■ **Your task**:
The line with "Dragon Age: Inquisition" marks the start; please set it down along with all later lines through the end of the material, exactly, leaving out pictures.

■ **Given data**:
──────────
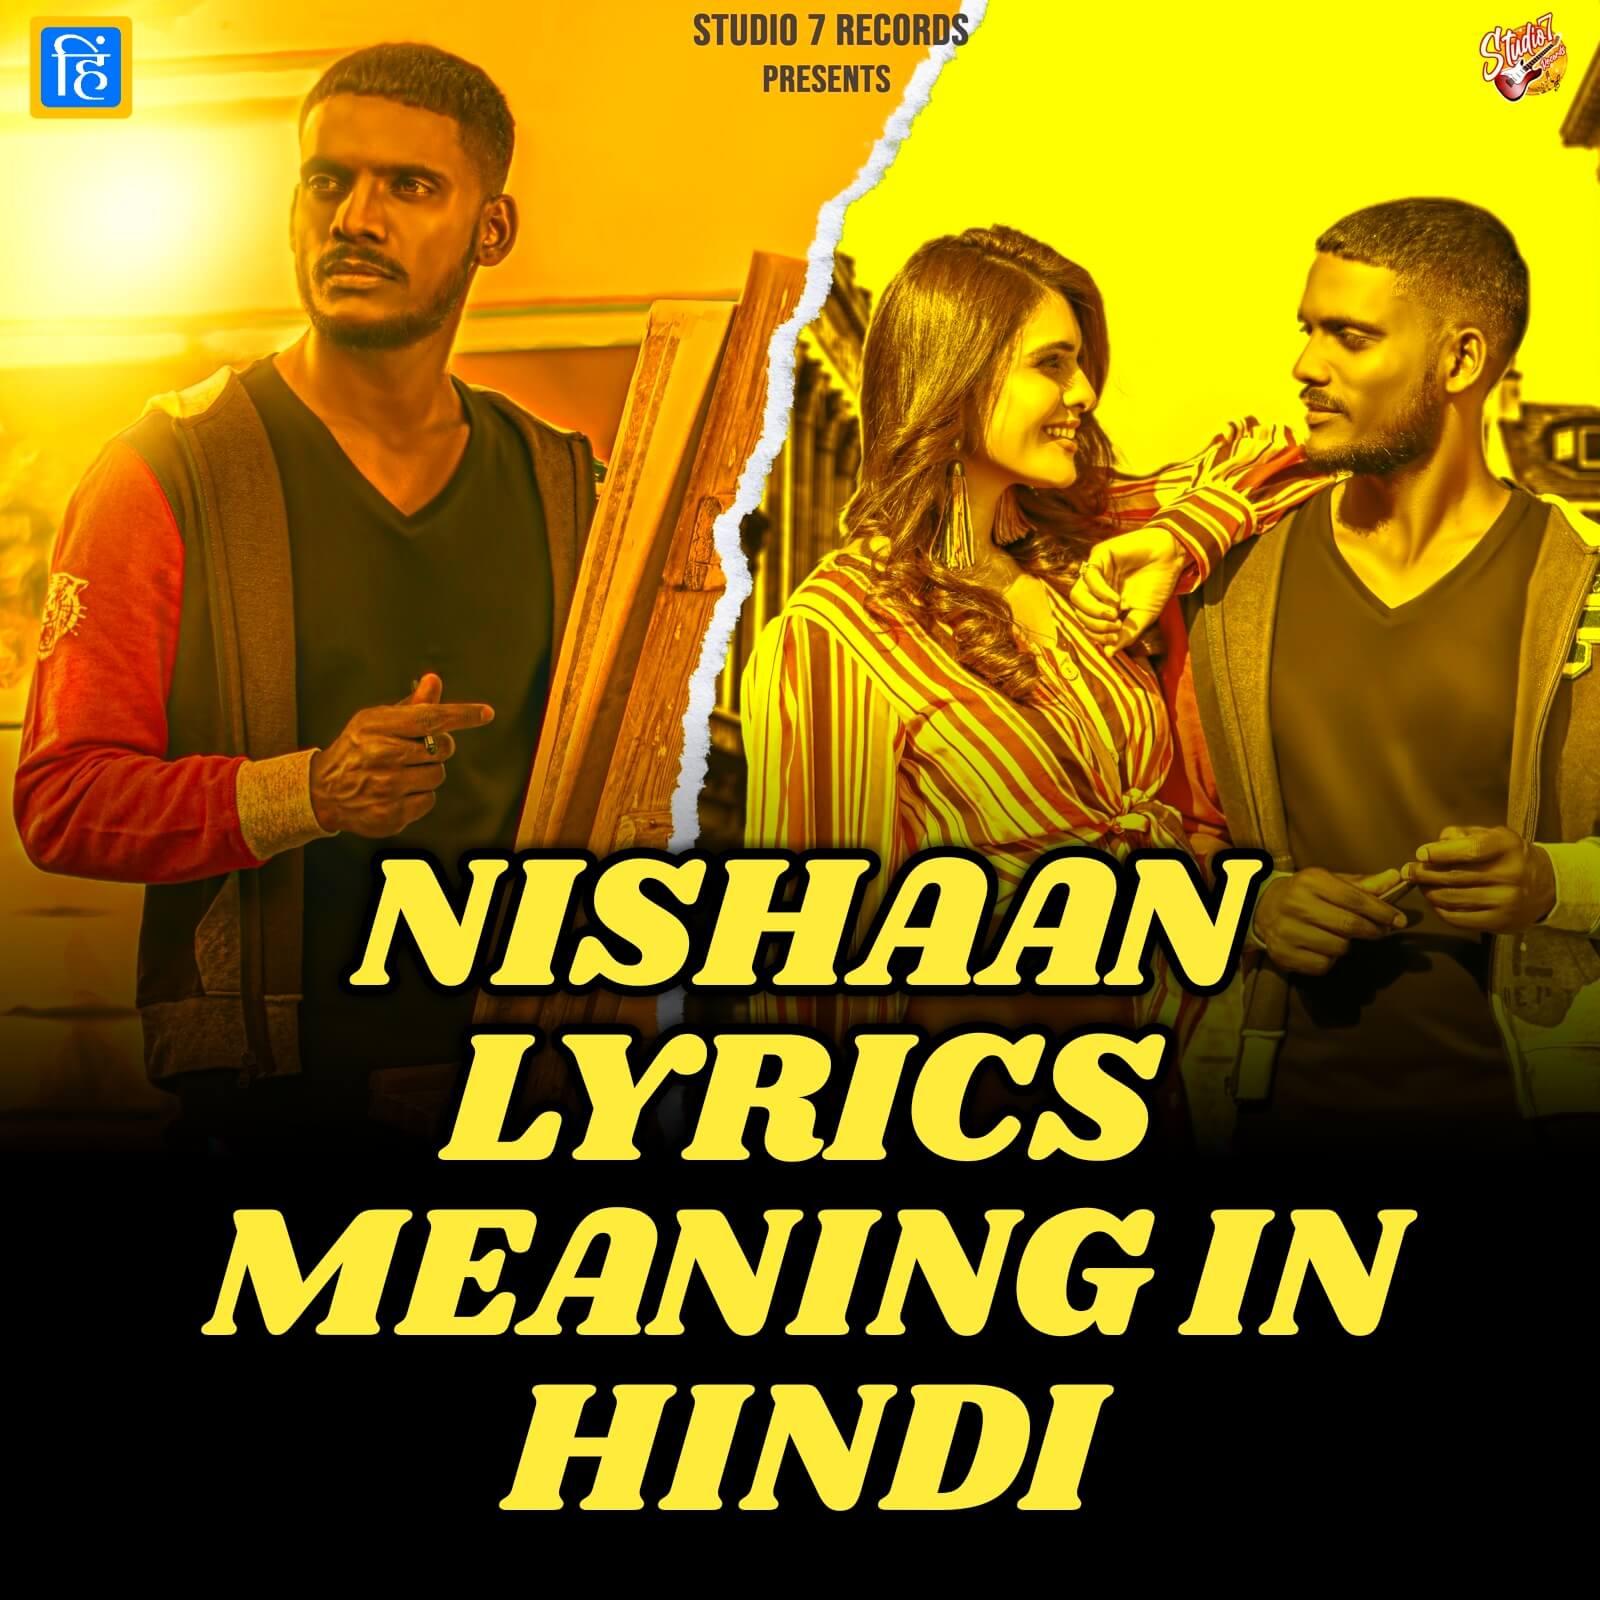 Nishaan Song Lyrics Meaning (translation) In Hindi by Kaka and Deep Prince
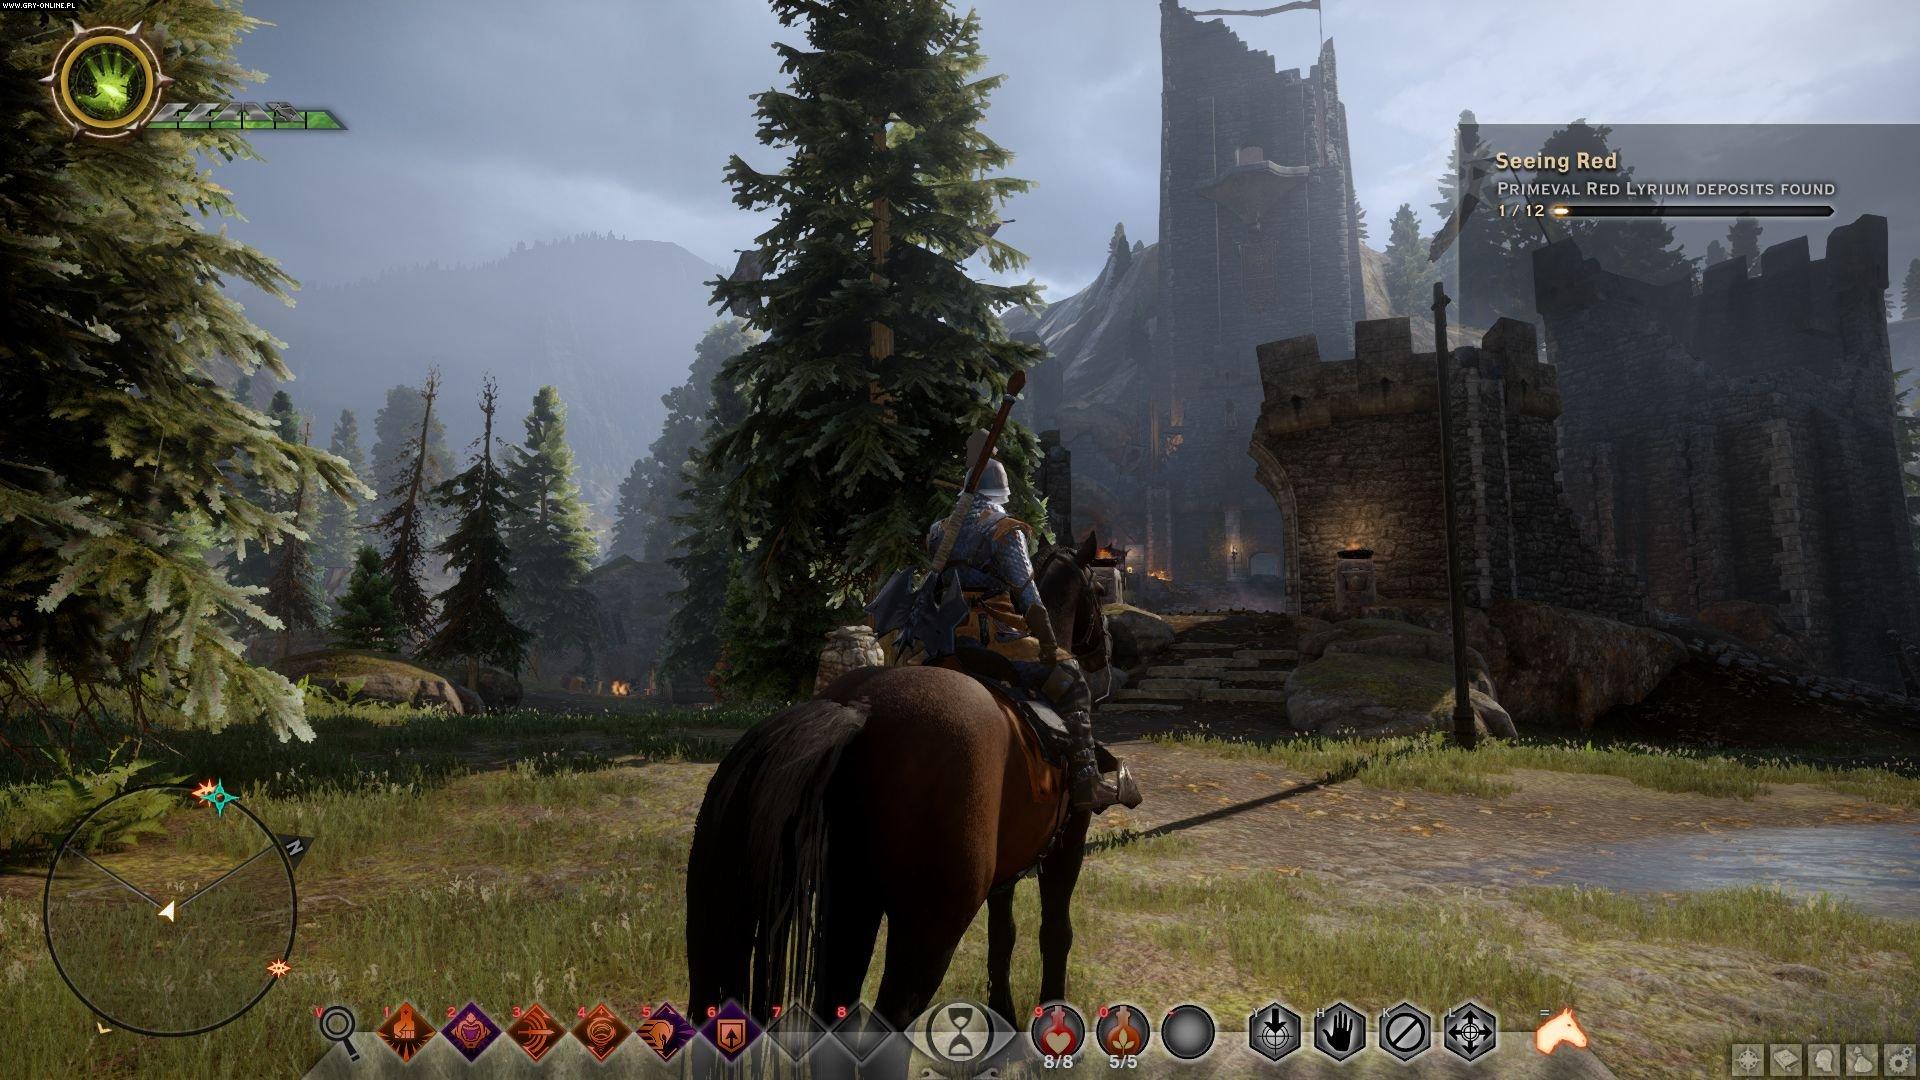 Dragon Age: Inquisition PC, X360, PS3 Games Image 8/225, BioWare Corporation, Electronic Arts Inc.
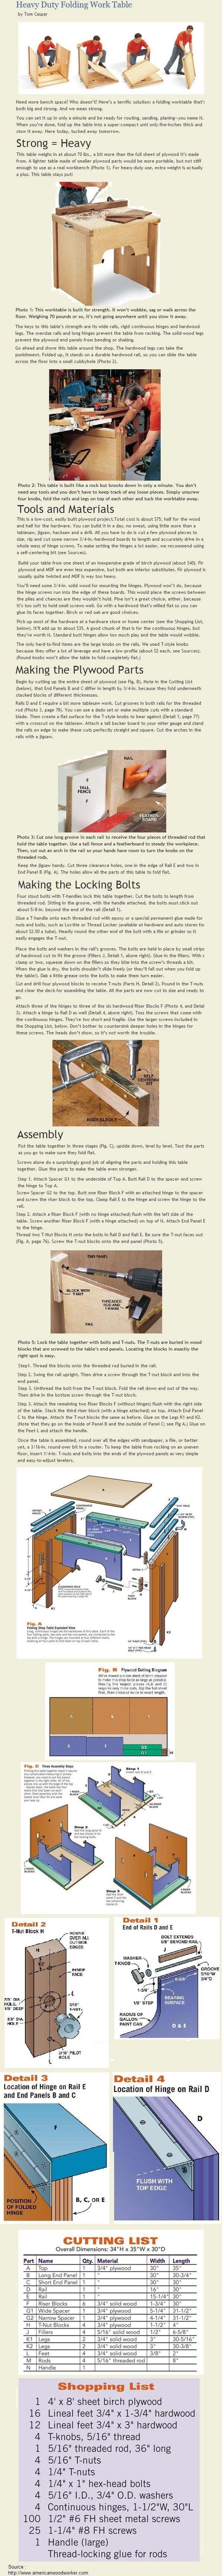 best 25 portable work table ideas on pinterest hand held belt
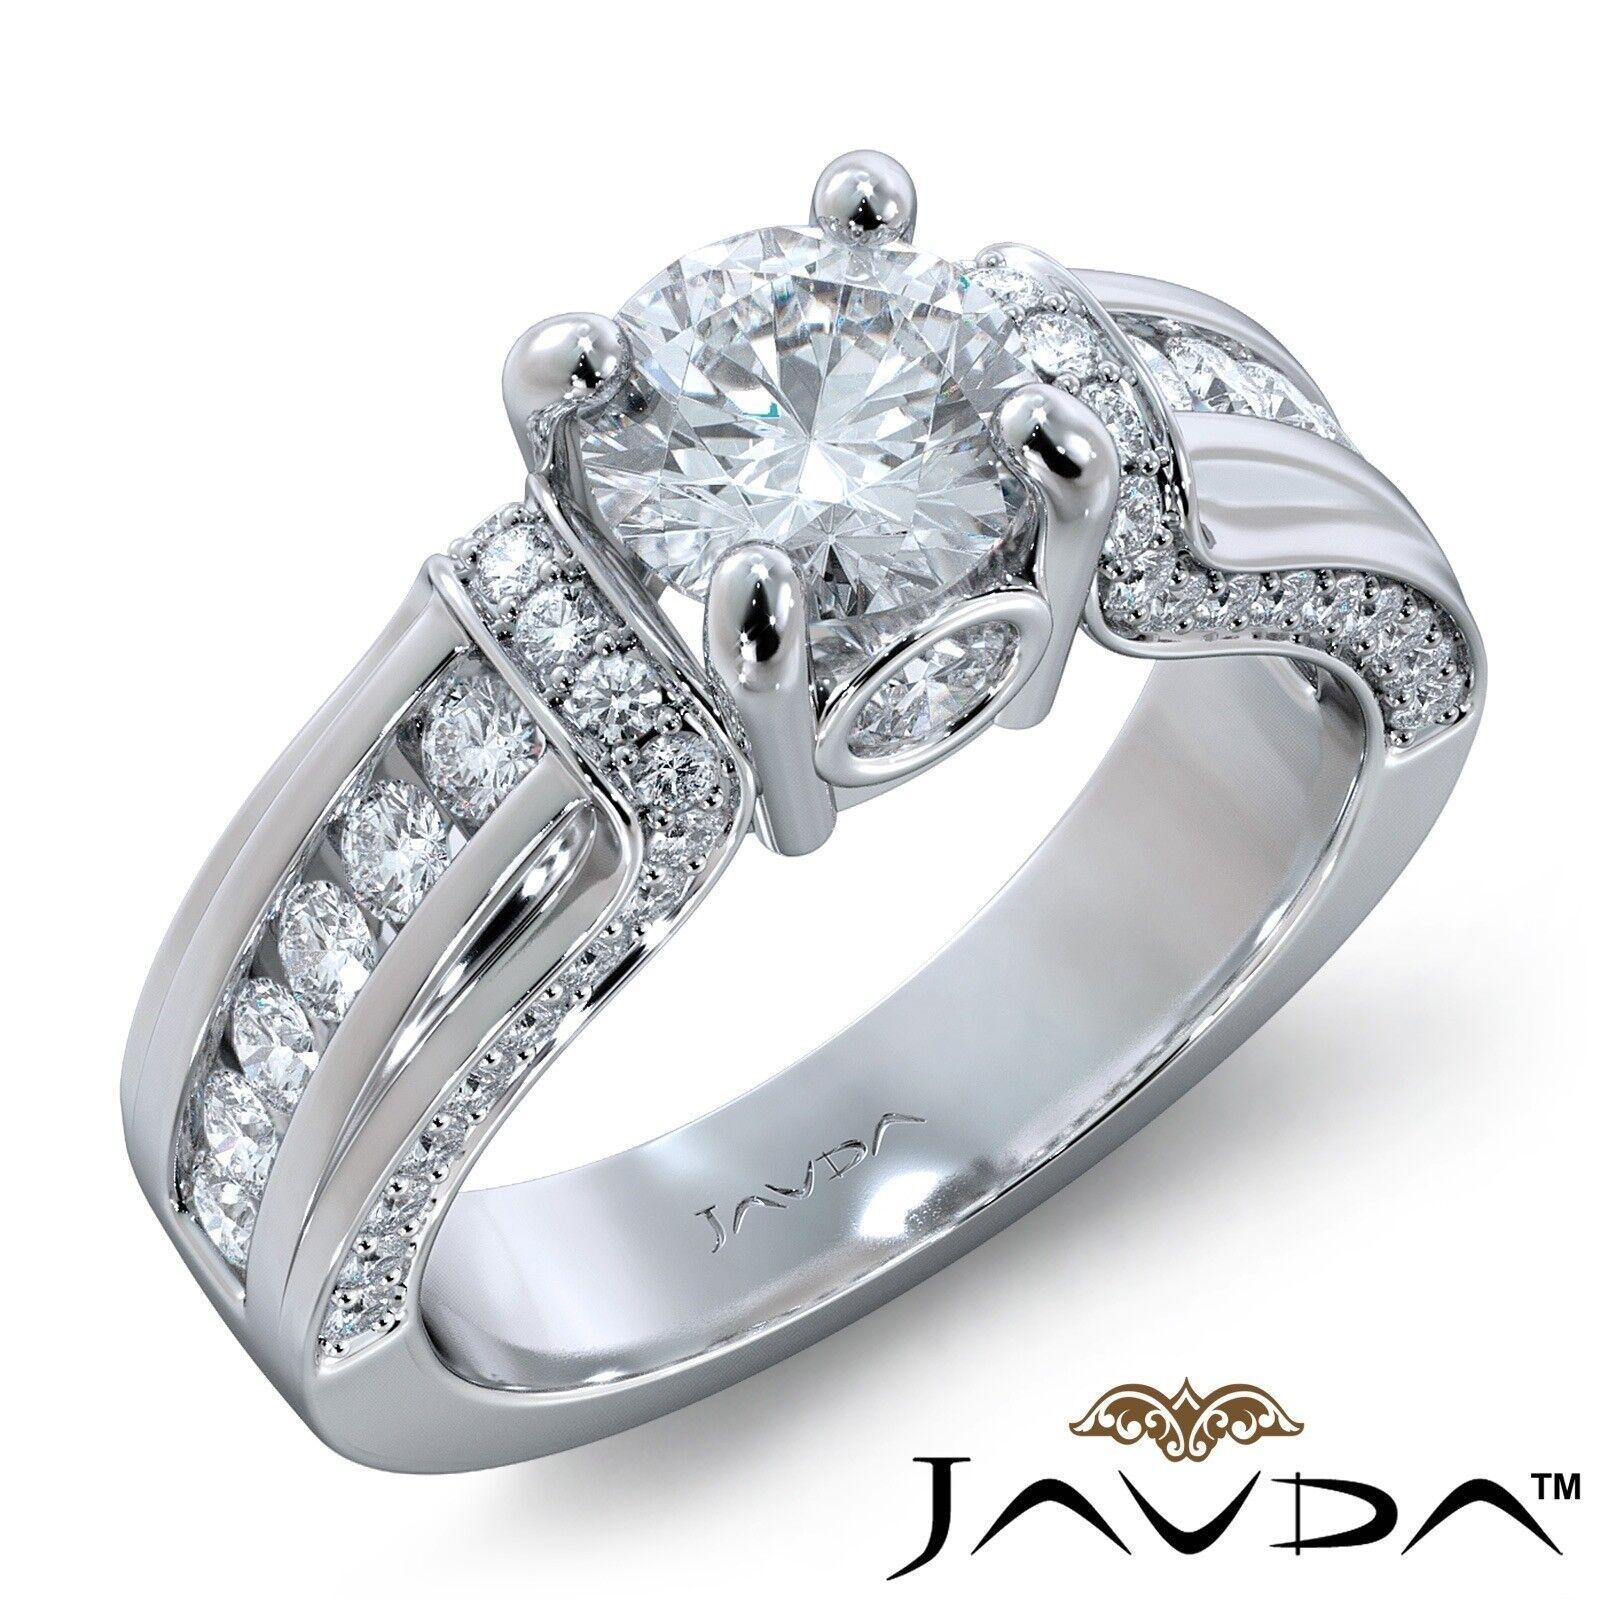 1.7ctw Channel Set Sidestone Round Diamond Engagement Ring GIA F-VS1 White Gold
──────────
■ **Response for this exercise**:
 Dragon Age: Inquisition PC, X360, PS3 Games Image 8/225, BioWare Corporation, Electronic Arts Inc.
 best 25 portable work table ideas on pinterest hand held belt
 1.7ctw Channel Set Sidestone Round Diamond Engagement Ring GIA F-VS1 White Gold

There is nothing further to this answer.